Demo objects are available through the built-in Rmonize_DEMO object. They include example input datasets, input data dictionaries, DataSchema, Data Processing Elements (DPE), and harmonized datasets that provide illustrative examples of the structure and content of the main objects used by Rmonize functions.

# To see contents
names(Rmonize_DEMO)
print(Rmonize_DEMO$dataset_TOKYO)                        # An input dataset
print(Rmonize_DEMO$data_dict_TOKYO)                      # An input data dictionary
print(Rmonize_DEMO$`data_processing_elements - final`) # A Data Processing Elements 
print(Rmonize_DEMO$`dataschema - final`)                 # A DataSchema

Pipeline

Prepare inputs

DataSchema and Data Processing Elements (DPE)
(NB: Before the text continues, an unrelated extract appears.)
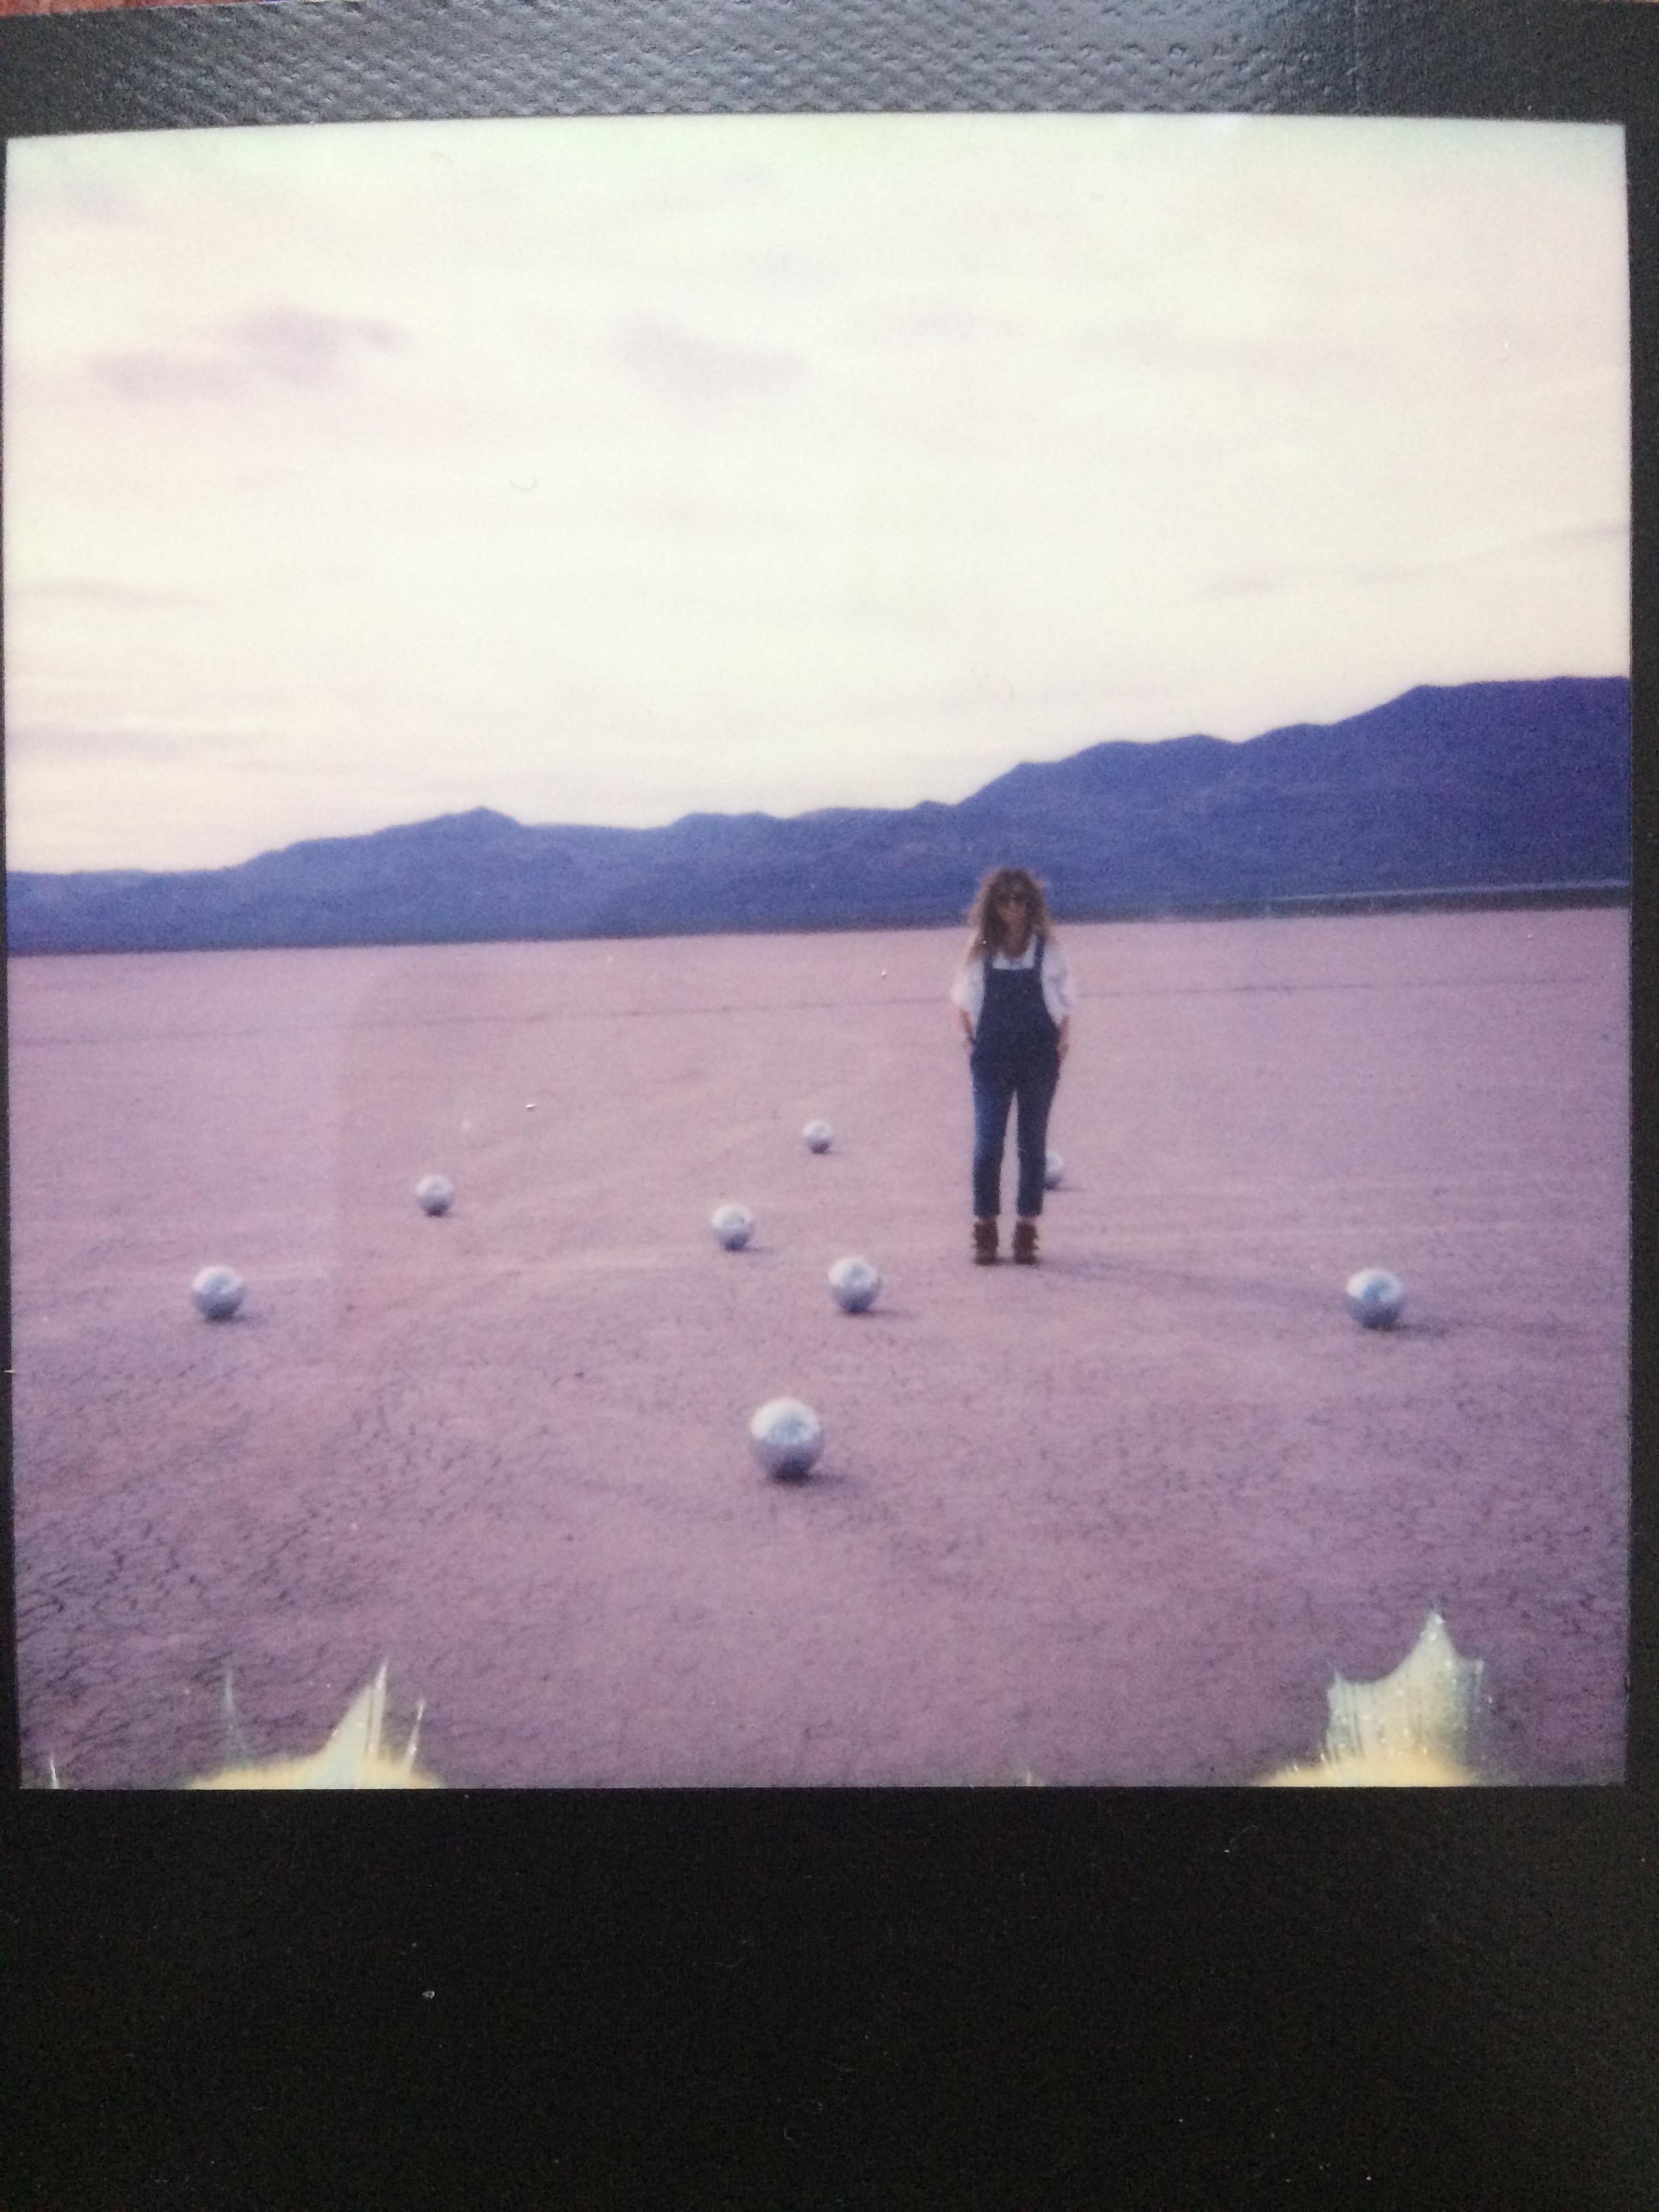 disco balls polaroid las vegas desert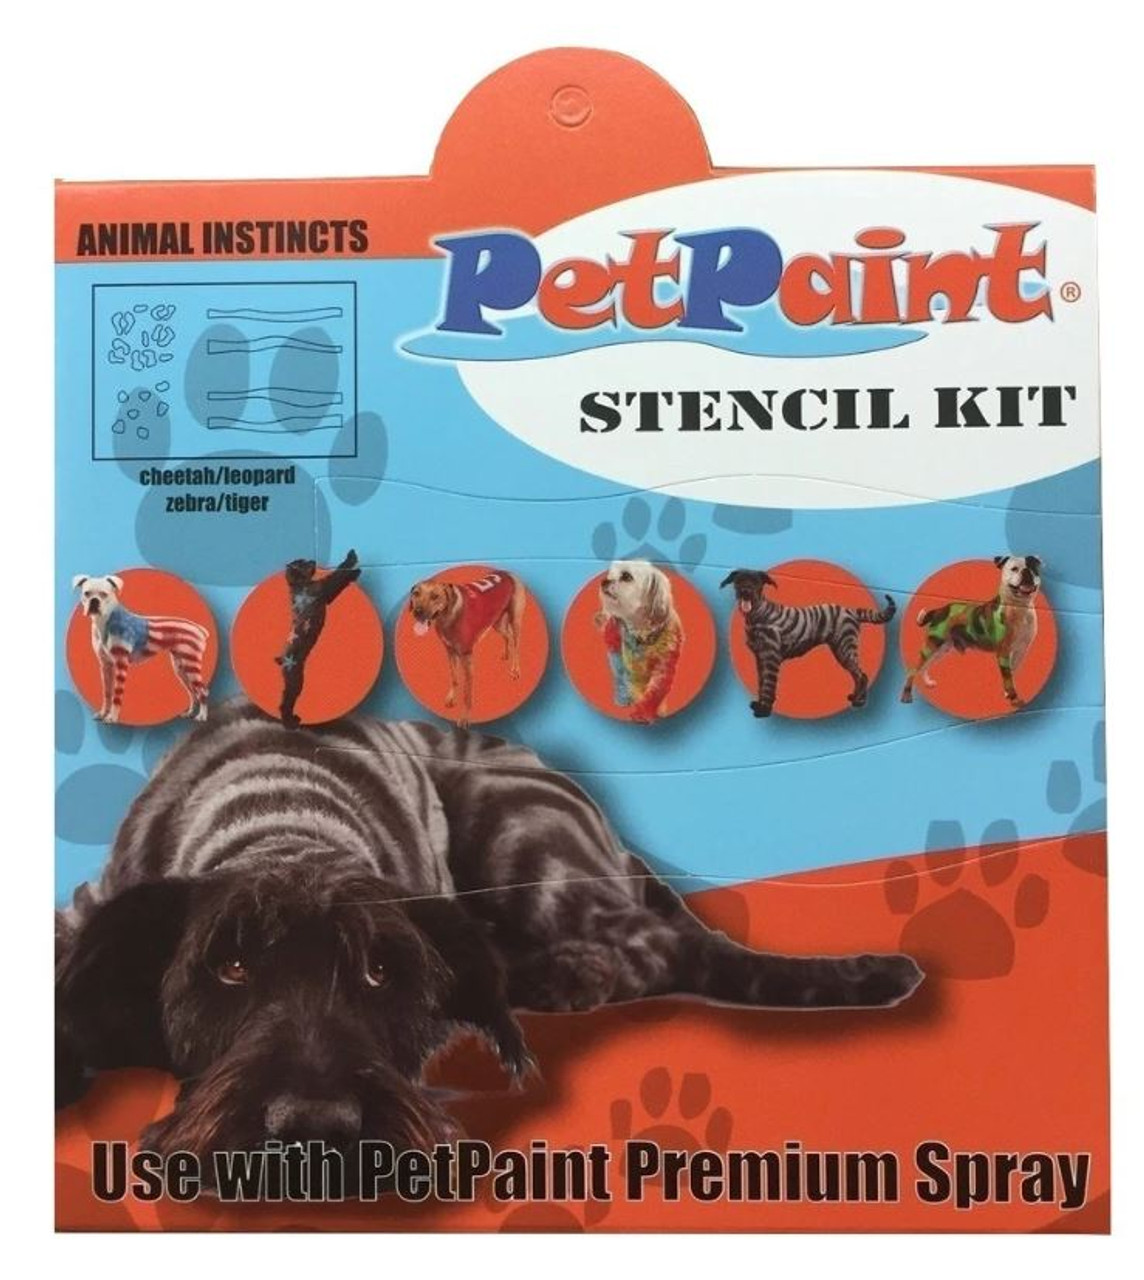 3 Animal Instincts Pet Stencils

The DataSchema and DPE are generally prepared from Excel templates and imported into R. Separate documentation is provided for preparing Data Processing Elements. The DataSchema will be an R list with named elements Variables and Categories. The DPE will be a data frame. You can check the structure of each object and assign the correct attributes explicitly to ensure compatibility with Rmonize functions.

# as_dataschema and as_data_proc_elem will check the structure of object and 
# assign attributes to them.

dataschema <- as_dataschema(Rmonize_DEMO$`dataschema - final`)
data_proc_elem <- as_data_proc_elem(Rmonize_DEMO$`data_processing_elements - final`)

Note: In the DEMO DPEs, all elements for three different input datasets are combined in one file. A DPE can also be prepared for each input dataset separately, and the individual DPEs combined as needed for processing. The DataSchema and DPE objects can be assigned explicitly

Combine input datasets and data dictionaries in a dossier

If input data dictionaries (with metadata about variables and categories in input datasets) are available, they can be associated with their corresponding datasets using the function data_dict_apply(). If not provided, minimal data dictionaries will automatically be created to meet technical requirements of Rmonize functions as needed.

# Associate metadata from input data dictionaries to the input datasets.

dataset_MELBOURNE <- data_dict_apply(
  dataset = Rmonize_DEMO$dataset_MELBOURNE,
  data_dict = Rmonize_DEMO$data_dict_MELBOURNE)

dataset_PARIS <- data_dict_apply(
  dataset = Rmonize_DEMO$dataset_PARIS,
  data_dict = Rmonize_DEMO$data_dict_PARIS)

dataset_TOKYO <- data_dict_apply(
  dataset = Rmonize_DEMO$dataset_TOKYO,
  data_dict = Rmonize_DEMO$data_dict_TOKYO)

For use in harmo_process(), one or more input datasets and any associated data dictionaries must be grouped into a named list (referred to as a “dossier” in Rmonize). This can be done explicitly with dossier_create().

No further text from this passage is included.